TRY IT = Go through the data below and repeat it exactly, skipping each picture.
(INPUT DATA Opens)
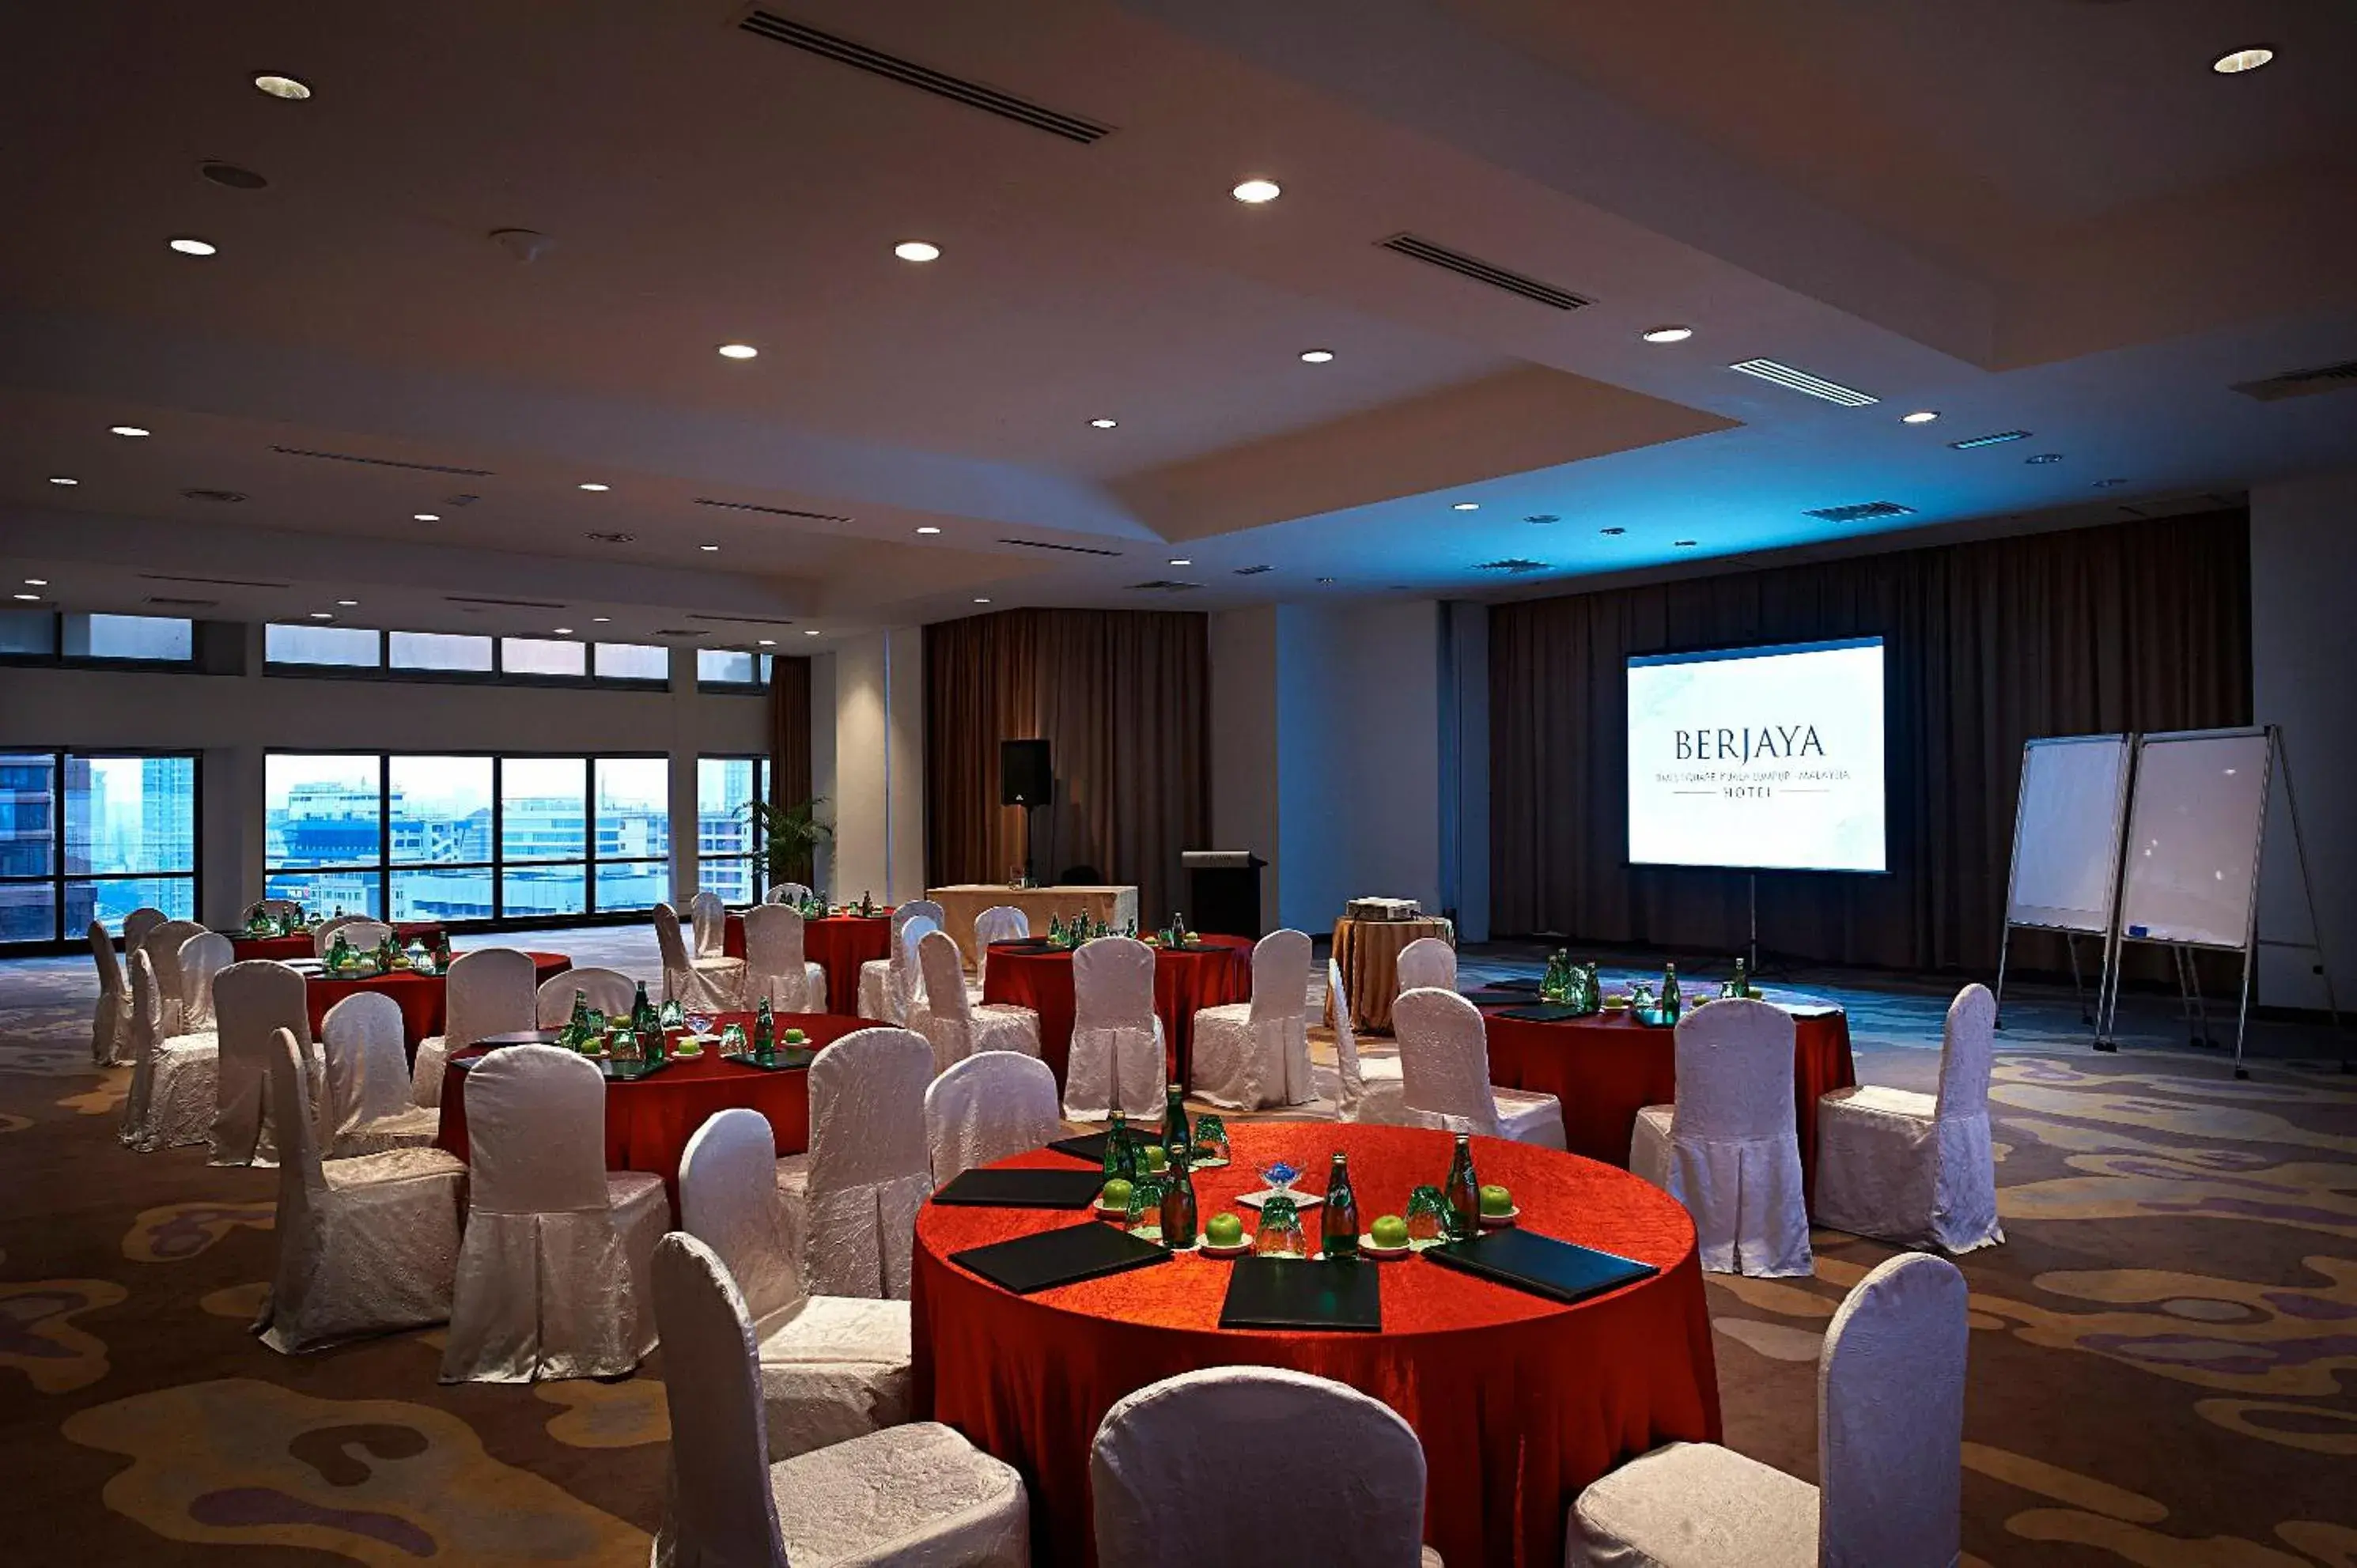 Banquet/Function facilities, Banquet Facilities in Berjaya Times Square Hotel, Kuala Lumpur
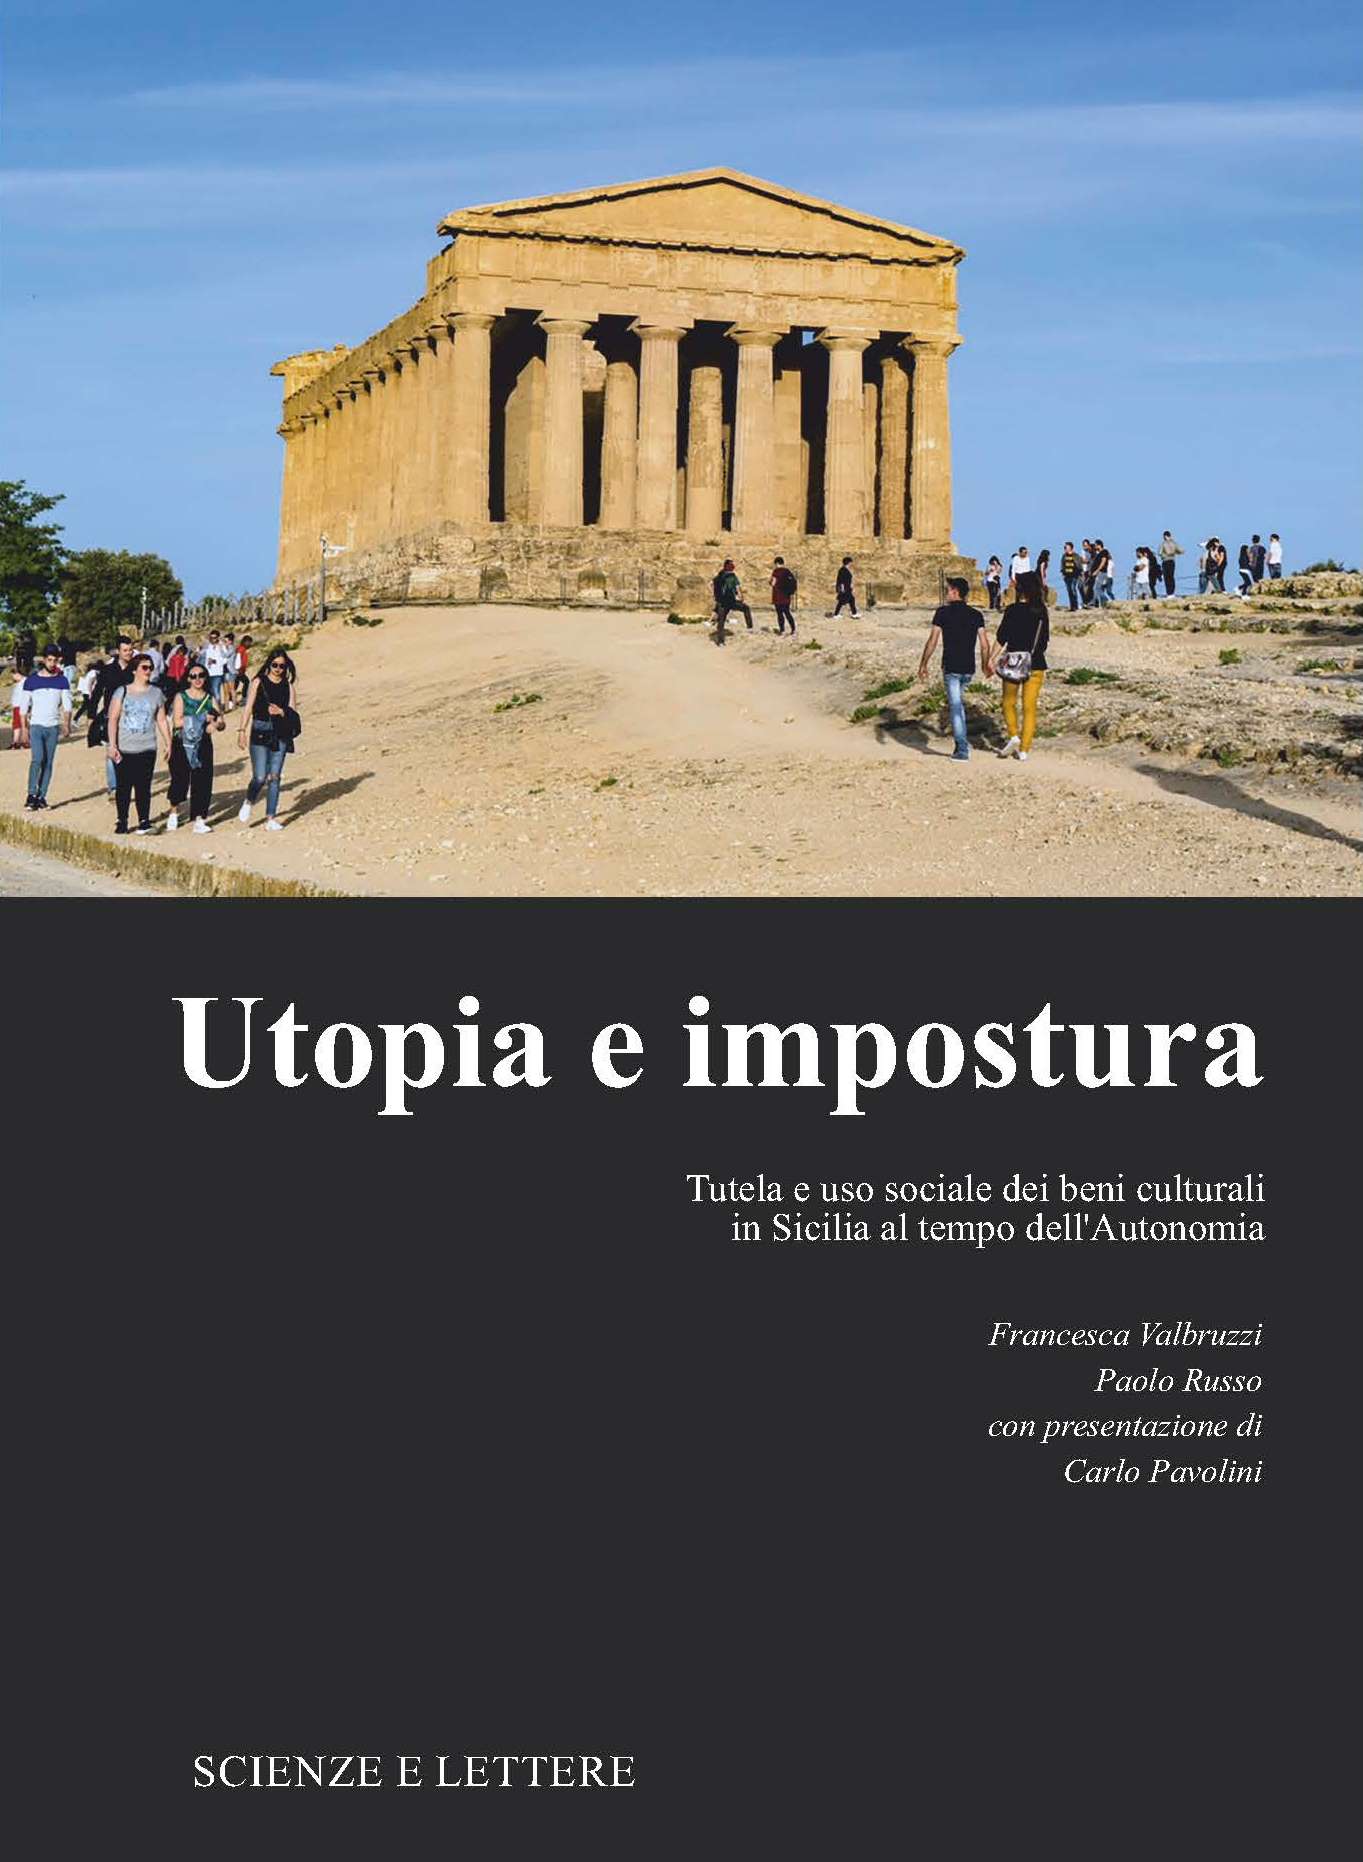 UTOPIA E IMPOSTURA<br/>

Tutela e uso sociale dei beni culturali in Sicilia al tempo dell'Autonomia
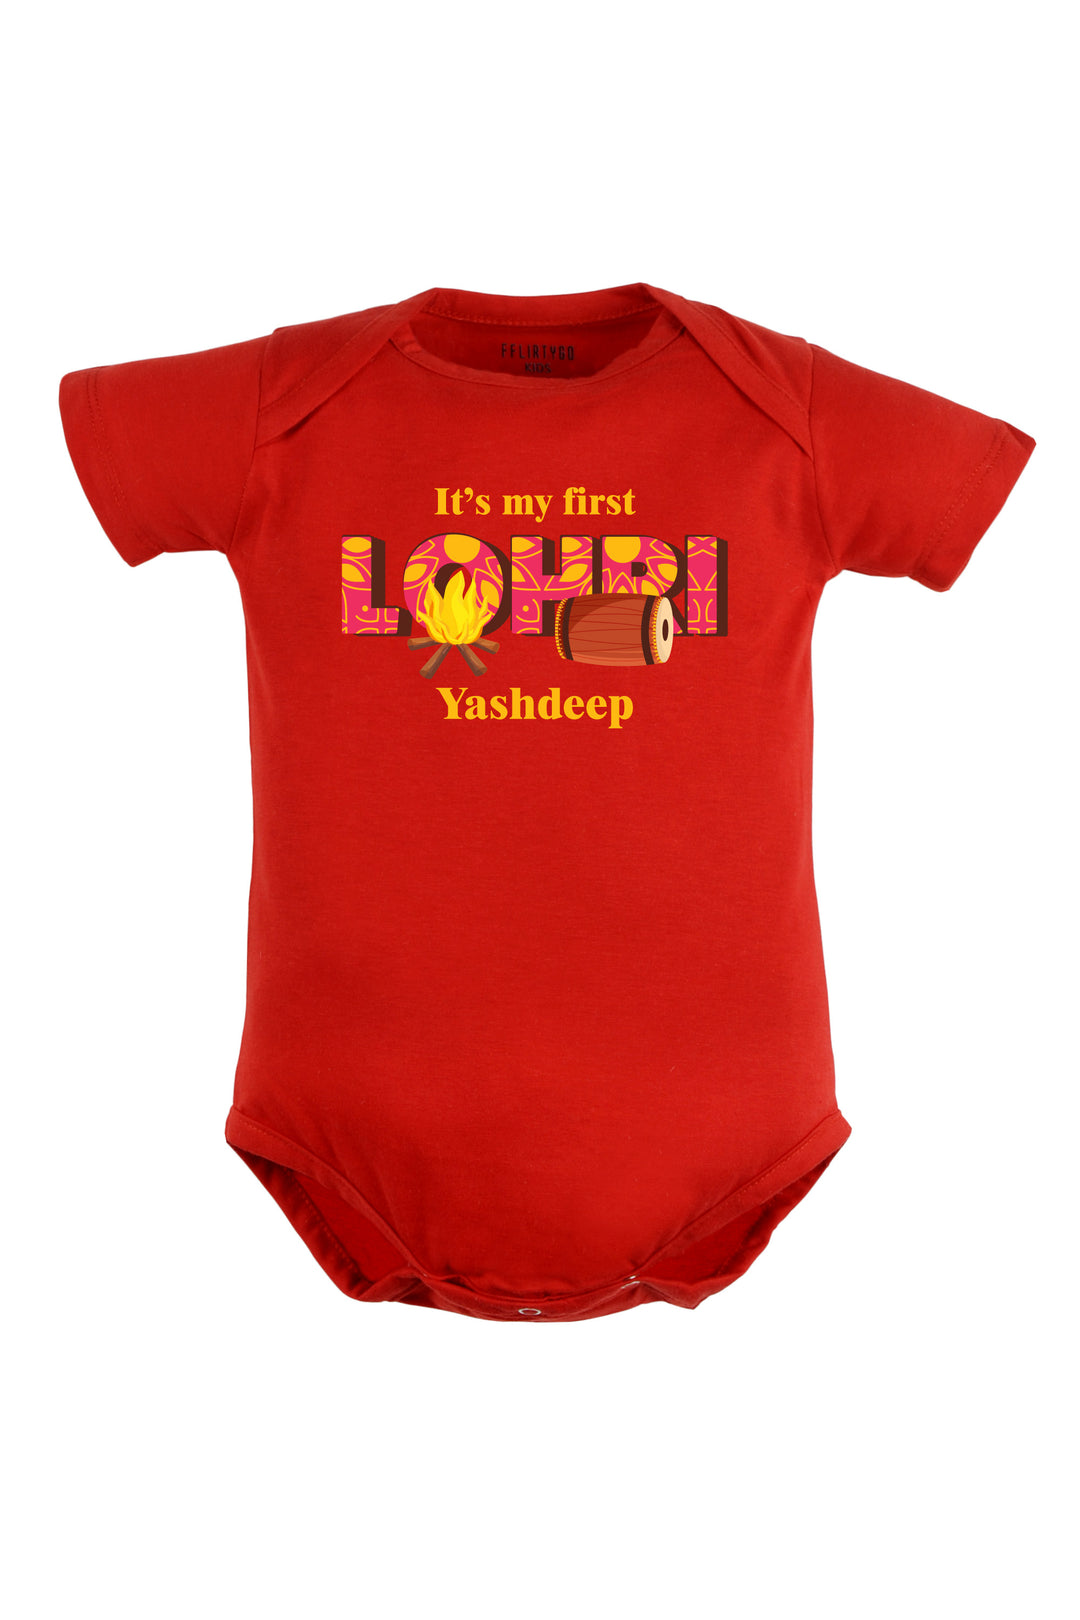 It's My First Lohri (Motif) Baby Romper | Onesies w/ Custom Name
(INPUT DATA Closes)
ANSWER SPACE =
 Banquet/Function facilities, Banquet Facilities in Berjaya Times Square Hotel, Kuala Lumpur
 UTOPIA E IMPOSTURA<br/>

Tutela e uso sociale dei beni culturali in Sicilia al tempo dell'Autonomia
 It's My First Lohri (Motif) Baby Romper | Onesies w/ Custom Name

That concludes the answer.